Crítica quinzenal Juliana Cunha

BUTOH: O COLAPSO DO MUNDO NO CORPO

Companhia Sankai Juku | Espetáculo “Hibiki” 
Fonte: Wikidança.net

O Butoh foi uma dança desenvolvida no Japão pós Segunda Guerra Mundial, que tem filosofia e estética relacionadas aos dilemas vividos por uma sociedade destruída econômica, moral e fisicamente. A isso, se deve muitos fatores, dos quais ressaltaremos dois.

Primeiro, o efeito das bombas atômicas “Little boy”, lançada em Hiroshima, e “Fat Man”, em Nagasaki. Estima-se que 140 mil civis morreram no primeiro caso e oitenta mil no segundo, sendo estas estimativas baixas, pois não levam em consideração as mortes posteriores por radiação.

Segundo, a Guerra Fria. Com o fim da Segunda Guerra Mundial e início da Guerra Fria, o Japão se viu impelido a forma uma aliança com os Estados Unidos, que se concretiza na presença militar norte-americana e em uma interferência política, econômica e cultural na vida do país oriental. É neste contexto opressão e trauma que surge o Butoh.

Em 1954, o encontro dos dançarinos Tatsumi Hijikata, que já realizava em bares e cabarés de Tókio ações performáticas que questionavam a interferência americana, e Kazuo Ohno, um talentoso dançarino contemporâneo, resulta em uma parceria criativa. Surge o desejo de subversão à hegemonia estadunidense e uma vontade de expressar no corpo o colapso do mundo.
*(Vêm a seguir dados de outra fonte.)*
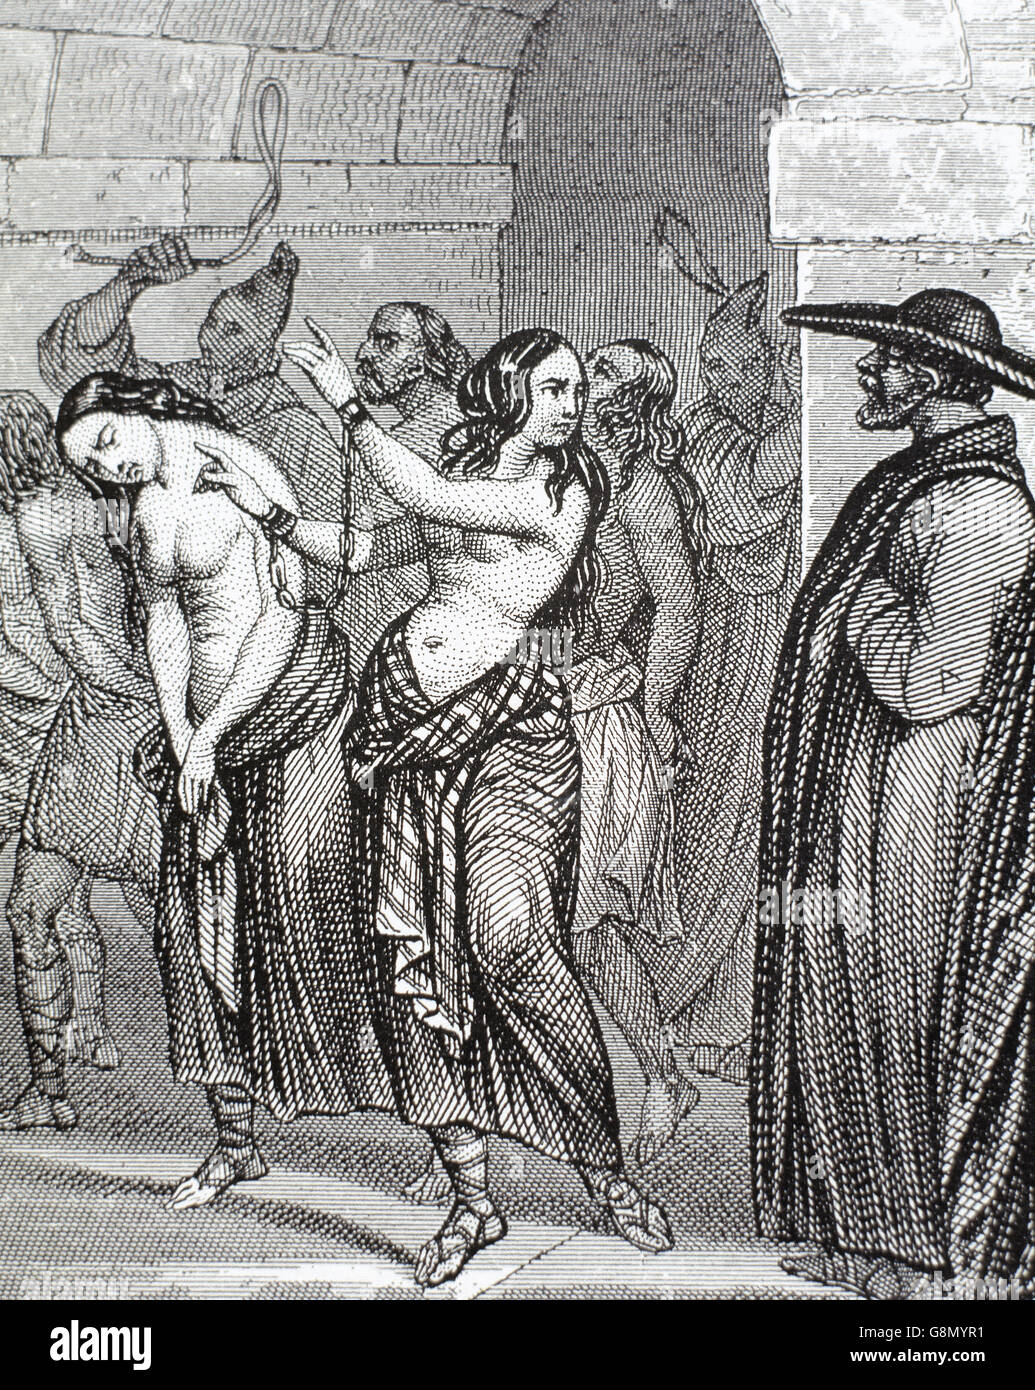 Middle Ages. Women accused of witchcraft leading to prison. Engraving, 19th century. Stock Photo

Frame 2’10’’: Hijikata Tatsumi / Hosotan (Part 1)
Fonte: youtube < https://www.youtube.com/watch?v=mcaot0-deck >

Em um primeiro momento, como é visível no espetáculo Hosotan (1972), de Tatsumi Hijikata, a fuga do imperialismo se concretiza no retorno às origens japonesas. Valoriza-se às lendas, musicas e trajes locais, retorna-se para o período do Japão fechado, anterior às interferências externas. Este ato propõe uma conservação da identidade japonesa, e é posteriormente ampliado para uma busca pelos elementos e sentimentos de toda a humanidade, não só locais.

Com o aprofundamento dessa pesquisa teórica e coreográfica, sobretudo na figura de Kazuo Ohno, se desenvolveu uma técnica nova para esses interesses, que seria batizada, originalmente, de Ankoku Butoh, cujo significado é “Dança da total escuridão” ou “Dança das trevas”. O aspecto sombrio das apresentações é notável, e há indicativo de que a coreografia Hexentantz II, da dançarina alemã Mary Wigman, tenha sido uma inspiração. Já trabalhamos essa dança em outro artigo aqui da Revista Resvio.
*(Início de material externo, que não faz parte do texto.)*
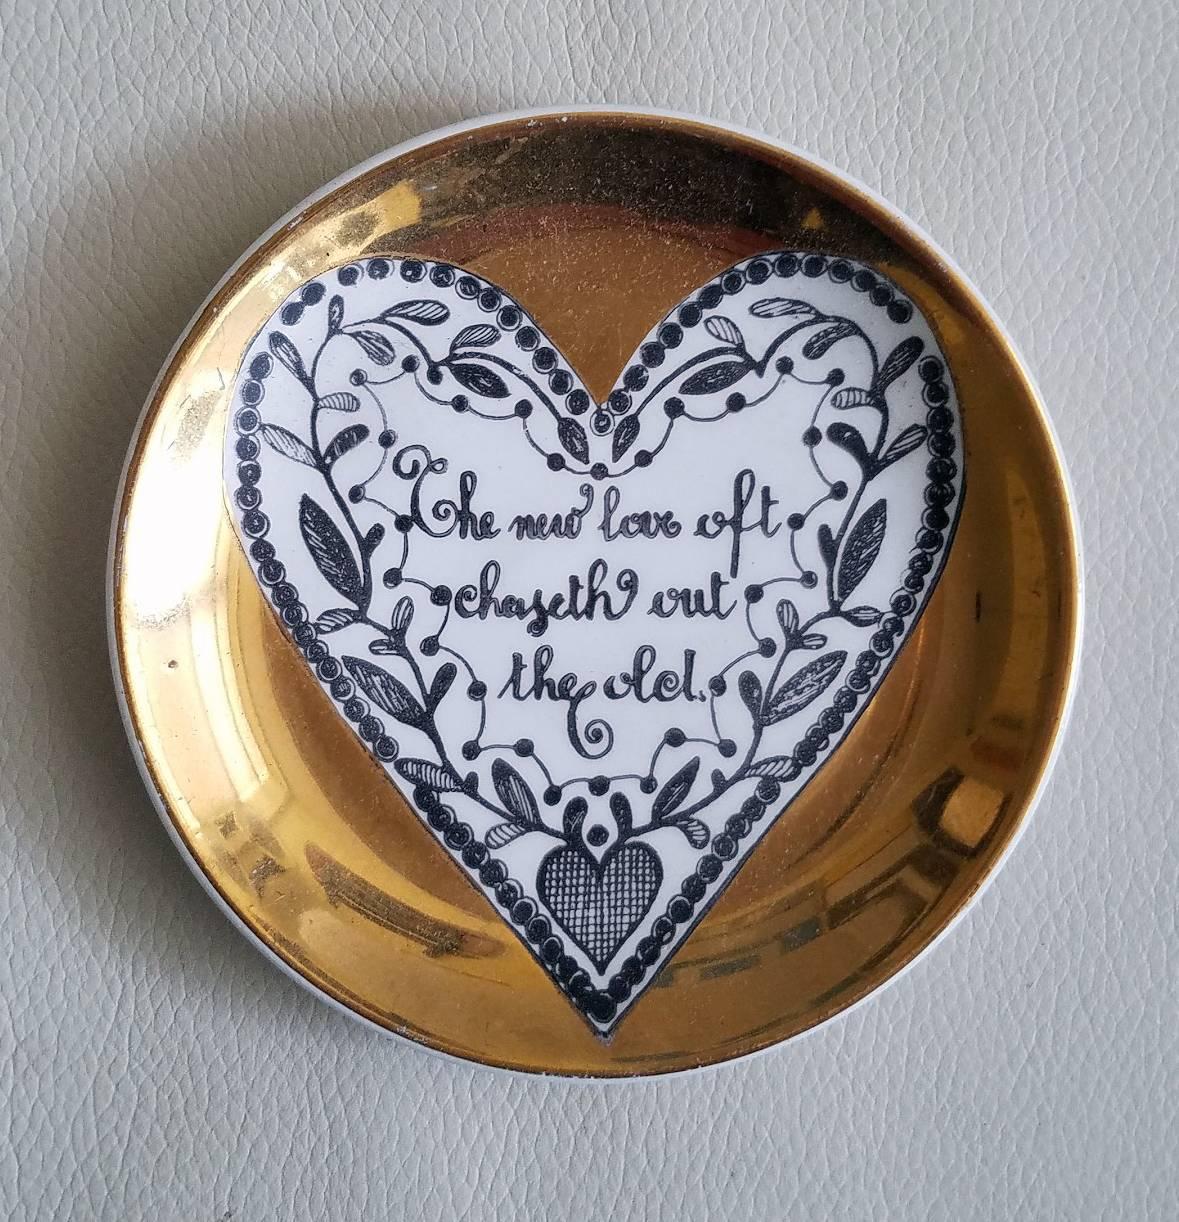 Piero Fornasetti Porcelain Coaster Set with Love, Hearts and Saying 1

A palavra Butoh contém o ideograma “bu”, que significa dança, e “toh”, que é pisar. Relaciona-se com a lenda xintoísta da deusa Ame-no-Uzume-no-Mikoto, que retira suas roupas, profere profecias e dança como se estivesse possuída.

A valorização de elementos da cultura popular resguarda o interesse dos dançarinos de estabelecerem, nesse ato de pisar, um contato com a terra no seu caráter primigênio. Nesse sentido, o butoh busca um retorno àquilo que é entendido como primeiro, não com um caráter pejorativo, mas na tentativa de lidar, no corpo, com as questões universais.

Não há movimentos definidos para execução, pois não existe modelos. O butoh se alimenta de elementos da vida real expandindo seus significados através do uso do tempo, da repetição e do espaço. A técnica consiste mais no treino, do que no resultado final, e os movimentos cotidianos são trabalhados com rigor, sendo potencializados. Tem por tema questões profundas, como a morte e o nascimento, o feminino e o masculino, o inconsciente e o consciente, entre outros.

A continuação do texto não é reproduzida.